After secondary school, i got admission to teachers training and there i met Mohammed Ibrahim my fiance. He was a lecturer in a top university in the country. we planned our marriage to be after my service. But now that he was about to travel, his parent and mine suggested we got married now so that once i was done with service, i could join him in the states.

Both of us didn't want a grand affair. so it was settled. a small wedding. A month later, we were married. After marriage, i stayed with him for three months before he left the country. One thing about Mohammed was that, he didn't want us to have children after we got married. He said it was going to be a distraction. He wanted us to settle fully in the US before anything else. Once i pranked him to see his reaction and oh boy, both parent heard of it and it wasn't easy at all. His temper was very bad.

That is why when i found out i was pregnant after he left, i decided to keep it to myself at least till it was safe. I told my parent and they suggested i told my in laws but i decided against it. Throughout my service, i carried my baby for ten good months and put to bed at my parents. Mohammed still didn't have an idea of the pregnancy neither did his parent who had by then travelled to visit his sister in Spain.

Unfortunately, dad fell ill and passed away soon after i put to bed. Life was hard for me. Mohammed never picked my calls. He changed to the worse and i never heard from him. For two years, i struggled to put food on the table for my mum and baby. It was never easy for me. Securing a job was a problem. I had no connection. Nobody was willing to help. I begun to blame my little adorable baby for my misfortune. Nothing my mum said changed my mind. I was hurt but i put it on an innocent soul.

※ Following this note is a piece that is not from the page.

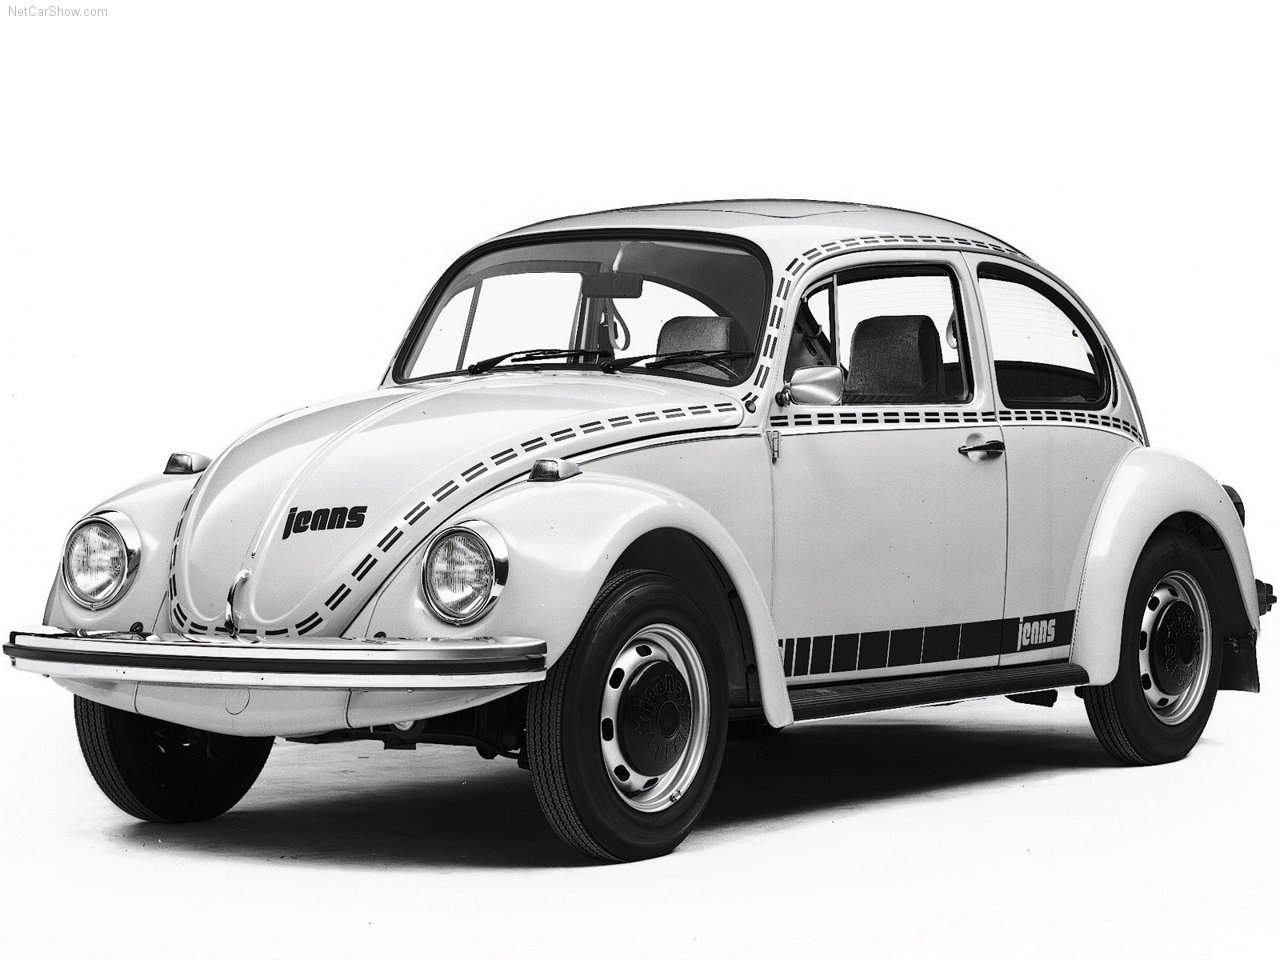 http://4.bp.blogspot.com/-LcYuW7ce_fE/T6QscG6aLjI/AAAAAAAAKDk/IVrwfOErNYU/s1600/Volkswagen-Beetle_1938_wallpaper.jpg

And through it all i still wanted to see Mohammed. That is why when an opportunity came for teachers to go to the states, i grabbed the opportunity promising my mom never to leave them and try to also bring them over. Did i fulfill my promise? initially i did but along the line i stopped. i never saw Mohammed neither did his parent mind or listen to my plea. Seems like they had a hand in it.

After five years in the states, I met my now husband Farouk. But i never told him about my past. it was something i had buried inside of me and only Sister Mami knew of it for she, was the only one who helped through everything when i came here. and although she tried talking to me, i never listened. I was hurt.

And i acted just like mohammed.

A loud sob escaped my mouth as i fell on the floor. i was worse than Mohammed.




Hahaha now we know how everything happened.... do you think Hajia deserves forgiveness?